Radicación interna: 4739 · ACCIONES DE TUTELA

Ponente: Fernando Alexei Pardo Florez

Actor: Jesus Leandro Tarazona Moncada·Demandado: Tribunal Administrativo Del Quindio Y Otro

CONSEJO DE ESTADO SALA DE LO CONTENCIOSO ADMINISTRATIVO SECCIÓN TERCERA SUBSECCIÓN A Consejero Ponente: FERNANDO ALEXEI PARDO FLÓREZ Bogotá D. C., veintitrés (23) de mayo de dos mil veinticinco (2025).

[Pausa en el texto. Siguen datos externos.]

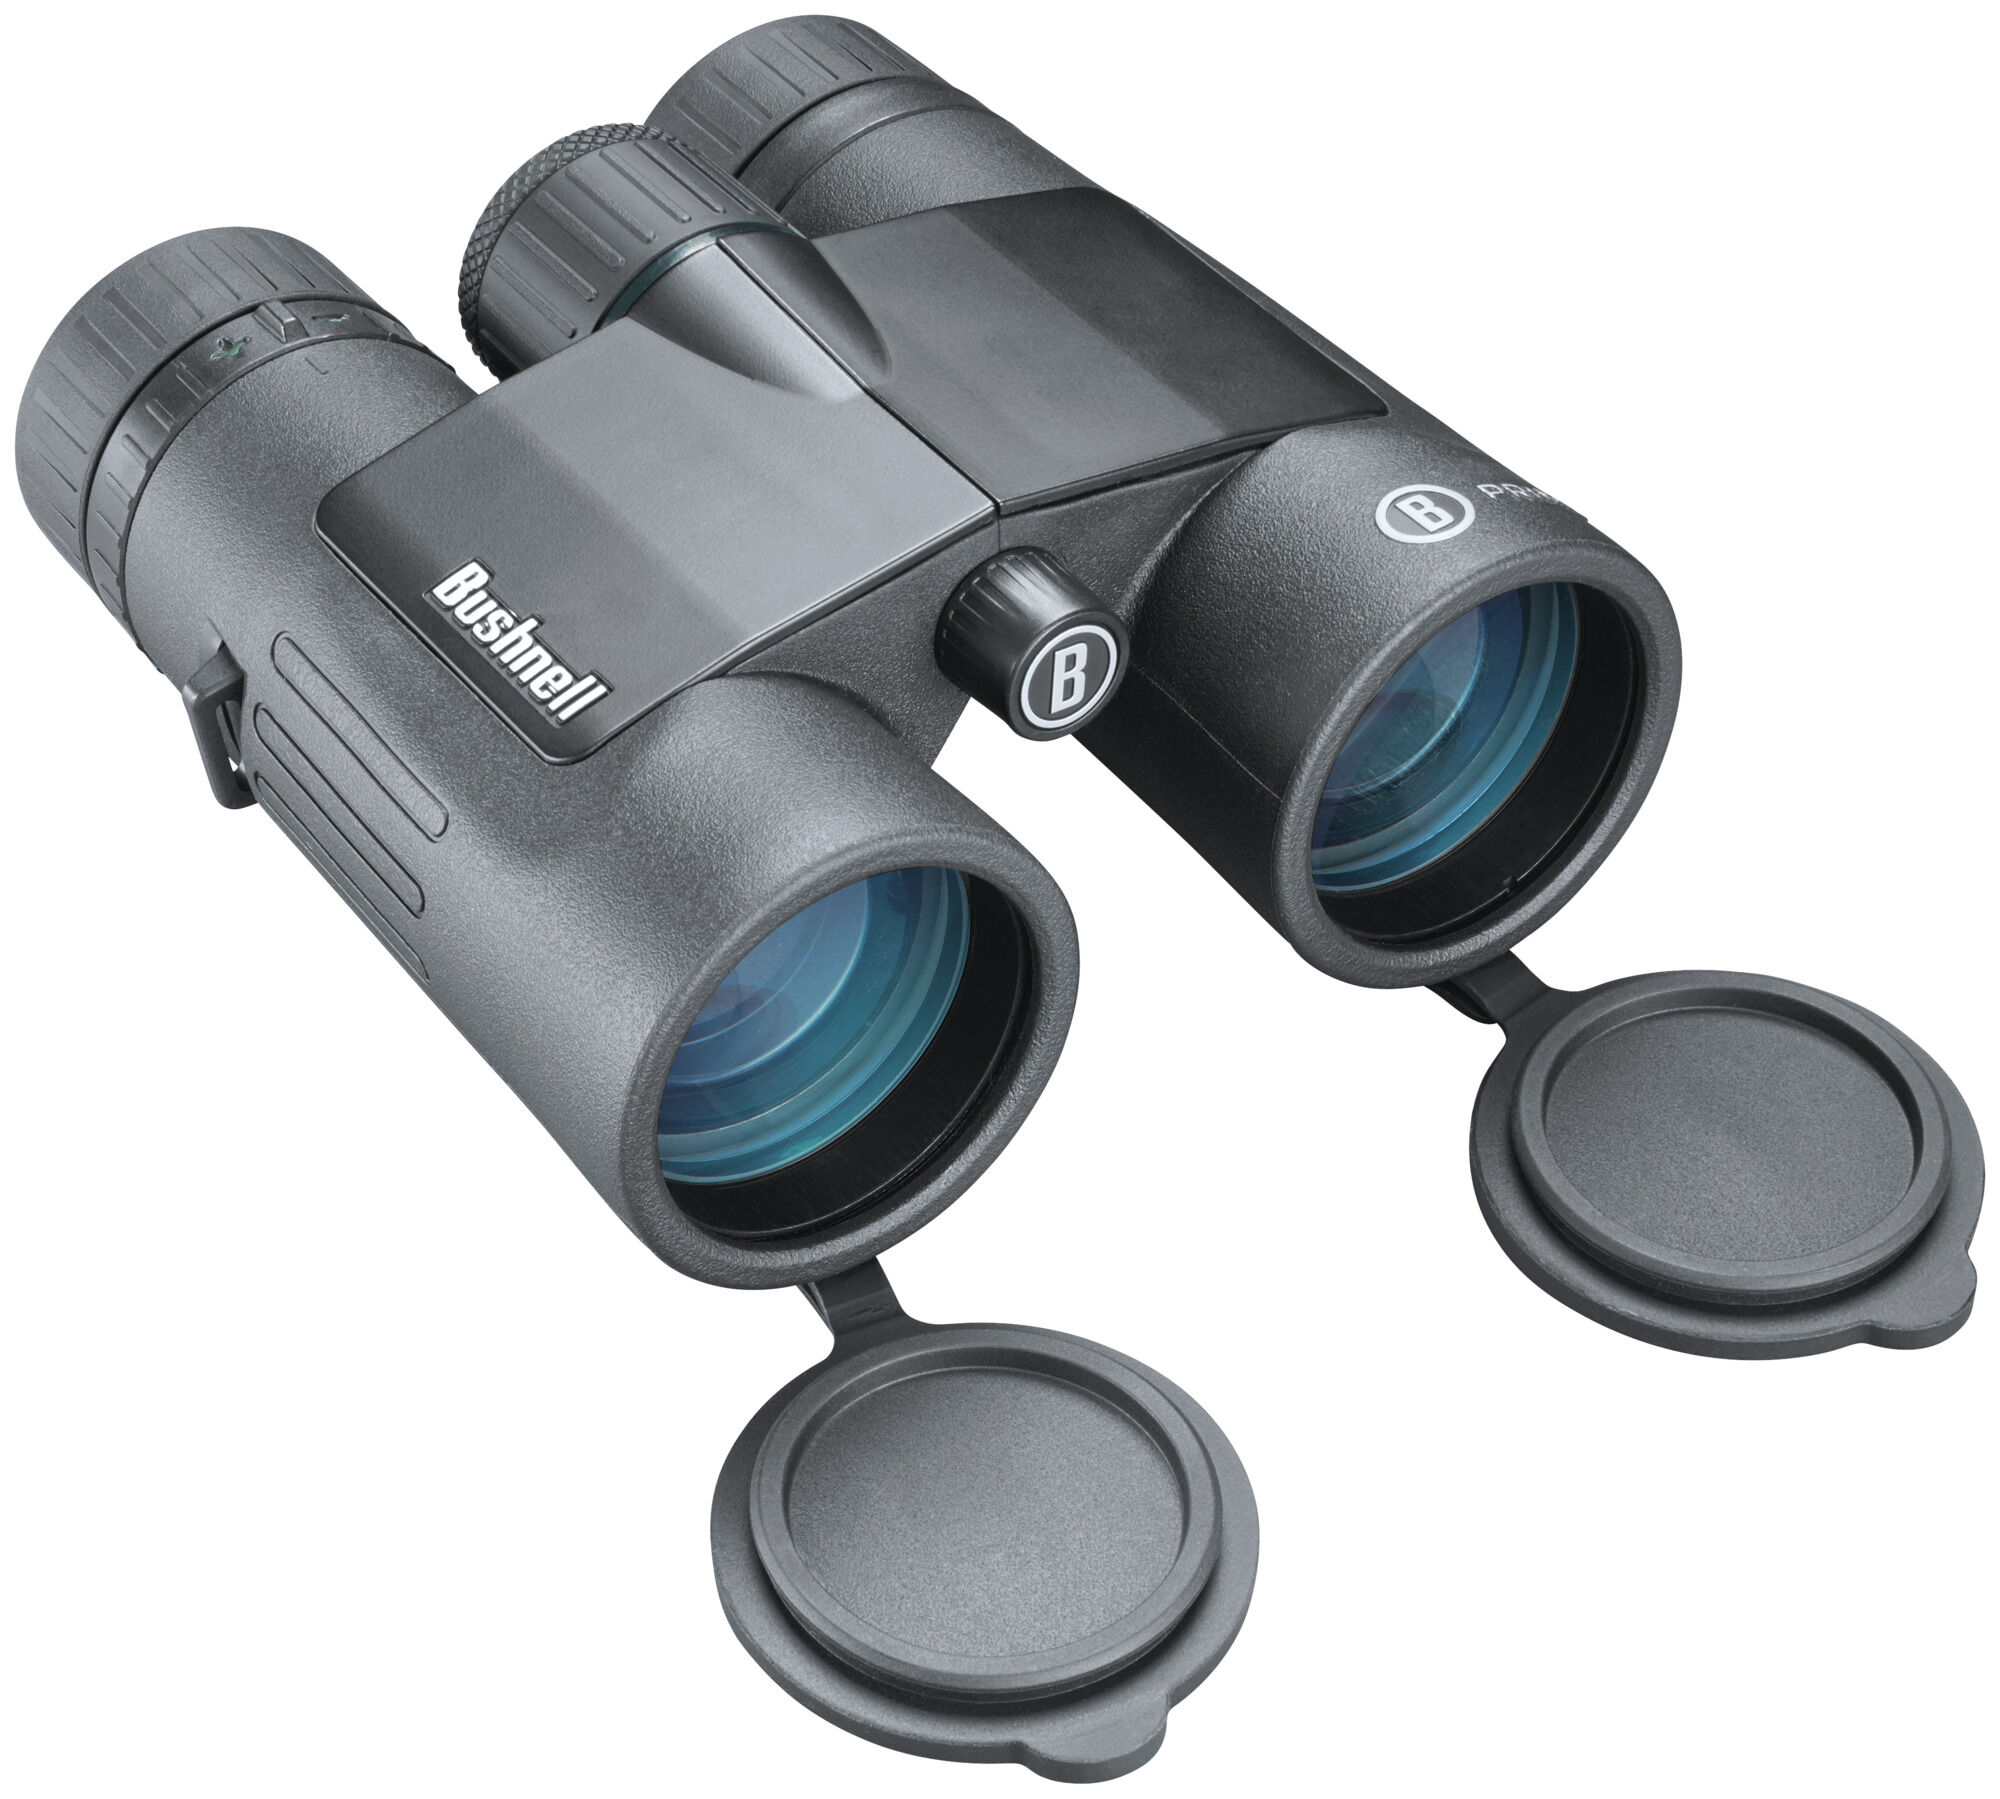 View All Binoculars | Bushnell

Radicado: 11001-03-15-000-2025-03051-00 Accionante: JESÚS LEANDRO TARAZONA MONCADA Accionado: TRIBUNAL ADMINISTRATIVO DEL QUINDÍO Y OTRO Referencia: ACCIÓN DE TUTELA AUTO QUE ADMITE TUTELA Y NIEGA MEDIDA PROVISIONAL 1.

El 22 de mayo del año en curso1, ingresó el expediente de la referencia para resolver sobre la admisión de la acción de tutela formulada por el señor Jesús Leandro Tarazona Moncada en contra del Juzgado Cuarto (4°) Administrativo de Armenia y el Tribunal Administrativo del Quindío, por la presunta vulneración de los derechos fundamentales al buen nombre, al debido proceso y al “patrimonio”. 2.

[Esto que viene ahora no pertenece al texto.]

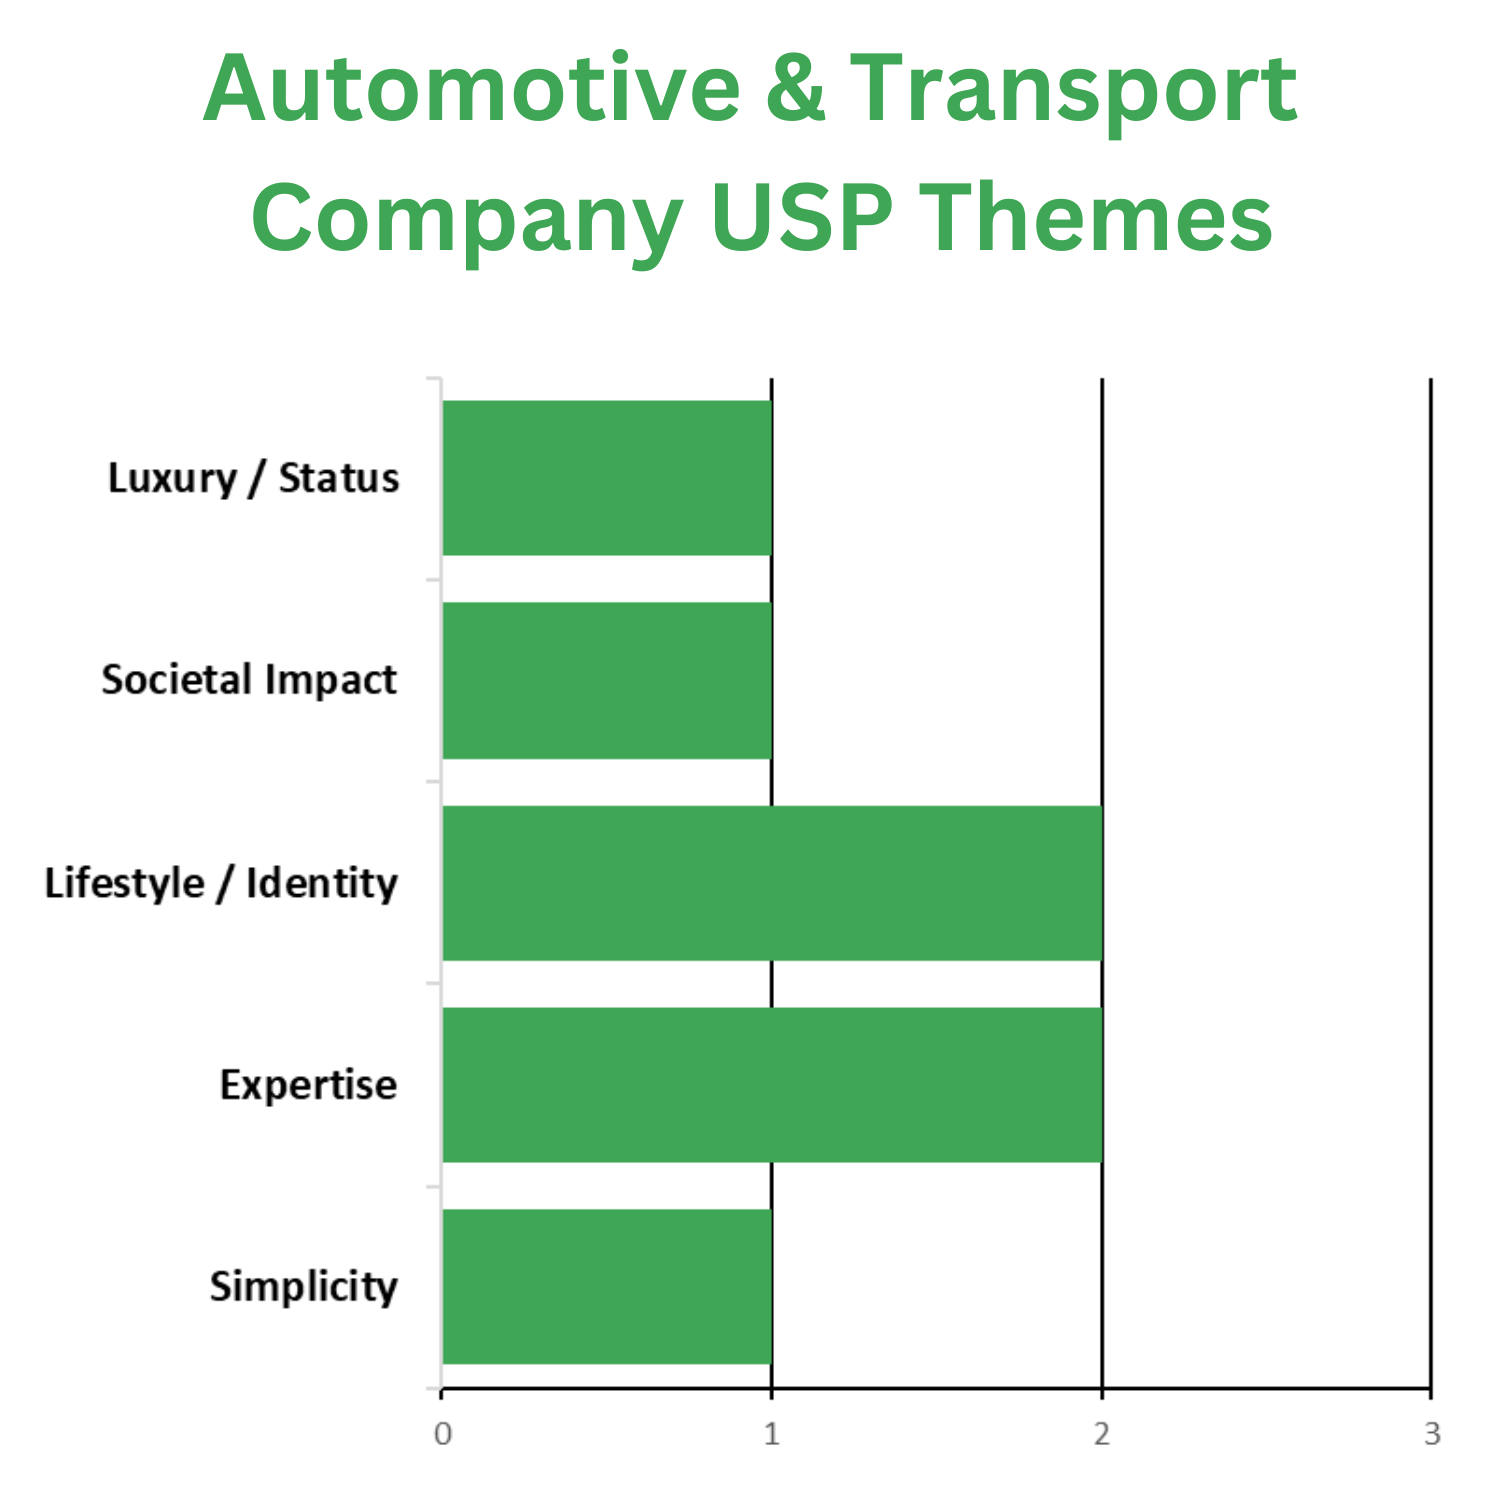 Automotive & Transport Company USP Themes

De acuerdo con lo afirmado en la demanda, el actor en su condición de director técnico (E) de reparaciones de la Unidad para la Atención y Reparación Integral a las Víctimas (en adelante UARIV o la Unidad) se le impuso una sanción consistente en multa por el supuesto incumplimiento del fallo dictado en el marco de la acción de tutela identificada con la radicación 63001333300420200017500, que ordenó a la Unidad indemnizar a la señora María Elisa García. 3.

Afirmó que las decisiones que lo sancionaron por desacato vulneraron sus derechos fundamentales, por cuanto desconocen la imposibilidad jurídica y material de cumplir la orden judicial en los términos exigidos debido al procedimiento reglado por la Resolución 1049 de 2019, que establece criterios técnicos y presupuestales de priorización para el pago de indemnizaciones administrativas a víctimas del conflicto armado. 4.

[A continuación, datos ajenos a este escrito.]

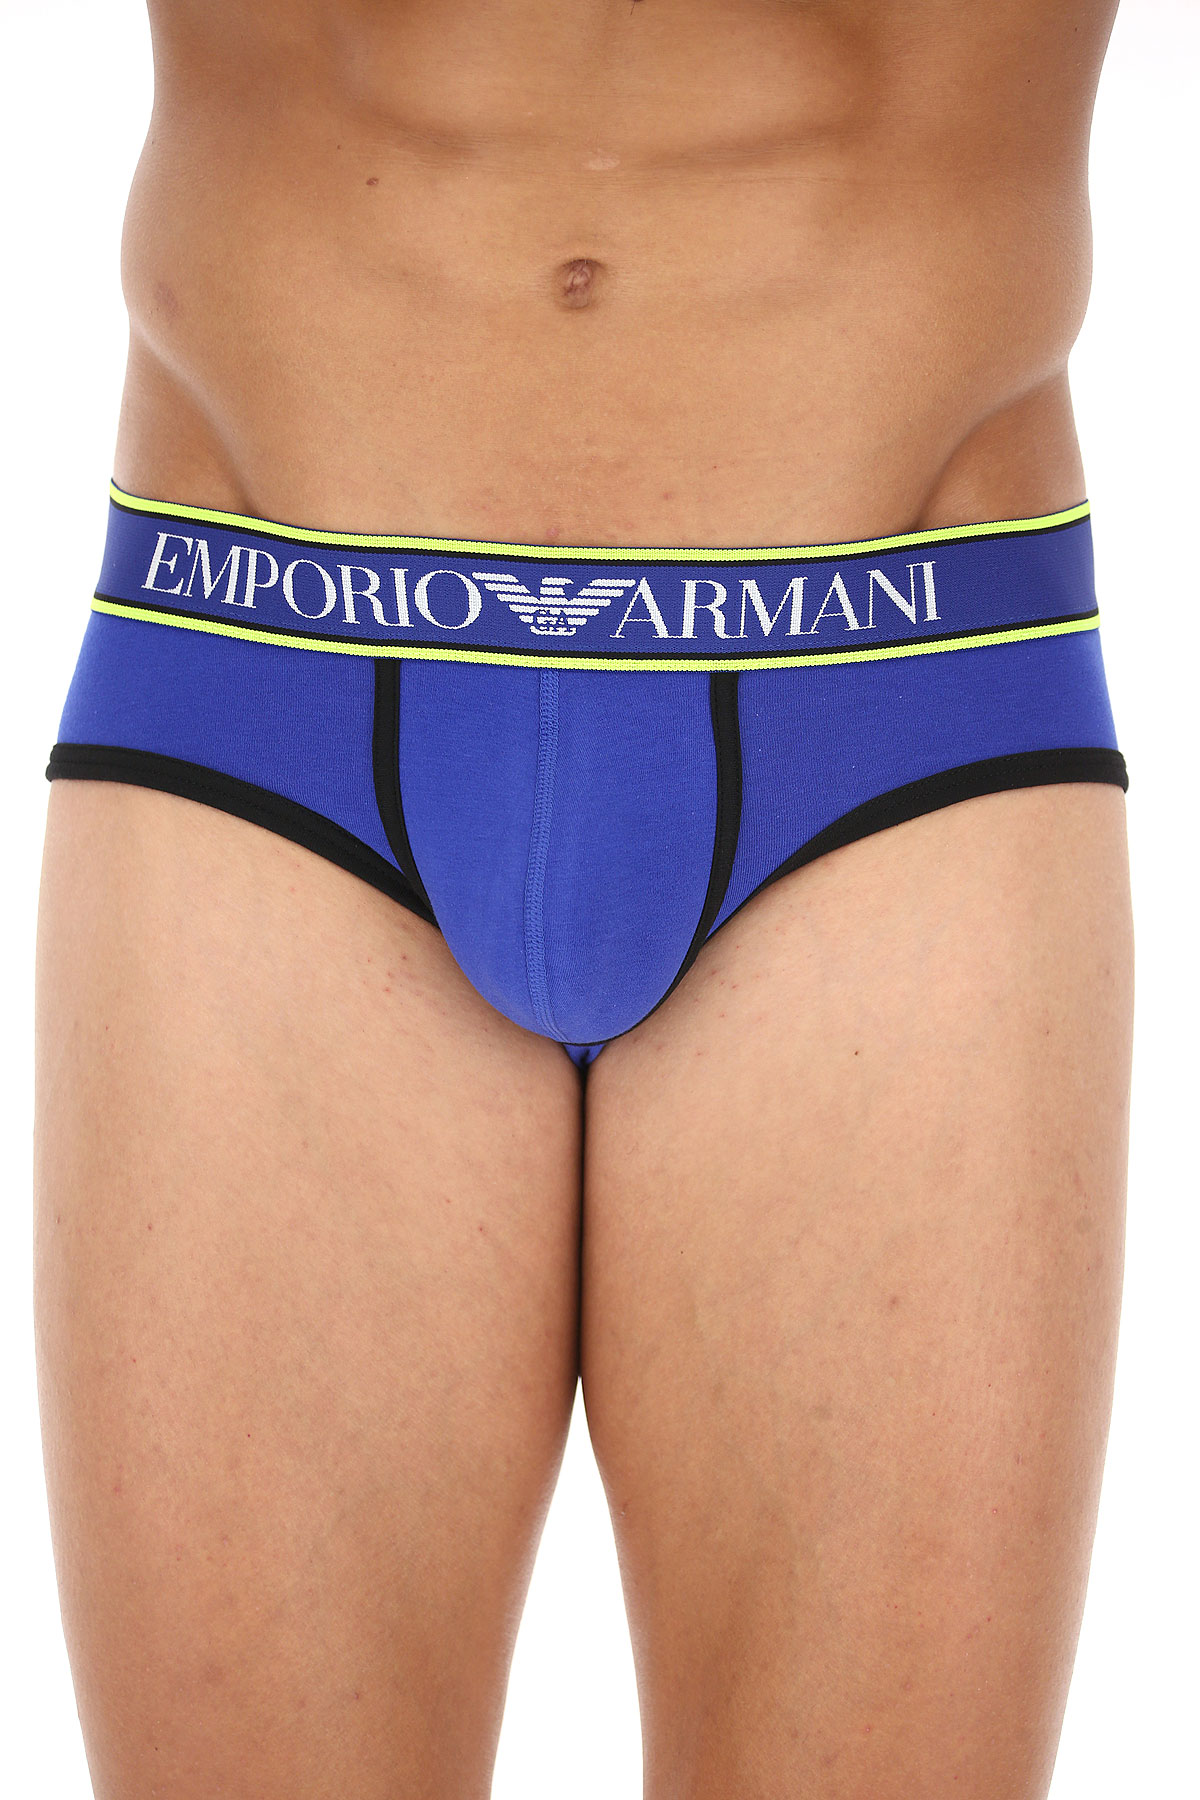 Mens Underwear Emporio Armani Style Code 111592 7a519 10233

Según el demandante, la señora María Elisa García no acreditó criterios de urgencia manifiesta, ni obtuvo un puntaje favorable en el método técnico de priorización aplicado para la vigencia correspondiente, por lo cual no era procedente reconocer suma alguna a la interesada. Proceder de forma contraria acarrearía, en sentir del libelista, responsabilidades de tipo penal, disciplinario y fiscal para los funcionarios de la entidad y para los administradores de justicia que “no puede[n] disponer de recursos públicos sin que el fallo judicial justifique la preferencia otorgada en el pago de la accionante frente a los millones de víctimas que se encuentran a la espera de ser indemnizados en las mismas condiciones que la parte accionante”. 1 Índice 4 de Samai.

La acción de tutela fue remitida por la Subsección “B” de la Sección Segunda del Tribunal Administrativo de Cundinamarca a través de providencia de 20 de mayo del año en curso en aplicación de las reglas de reparto previstas en el artículo 1.º numeral 5. ° del Decreto 333 de 2021. 2 5. Señaló que en su condición de servidor público de la UARIV respondió a todos los requerimientos judiciales, explicó detalladamente los motivos que impedían el cumplimiento inmediato y solicitó la modulación del fallo conforme lo establece la sentencia SU-034 de 2018 de la Corte Constitucional.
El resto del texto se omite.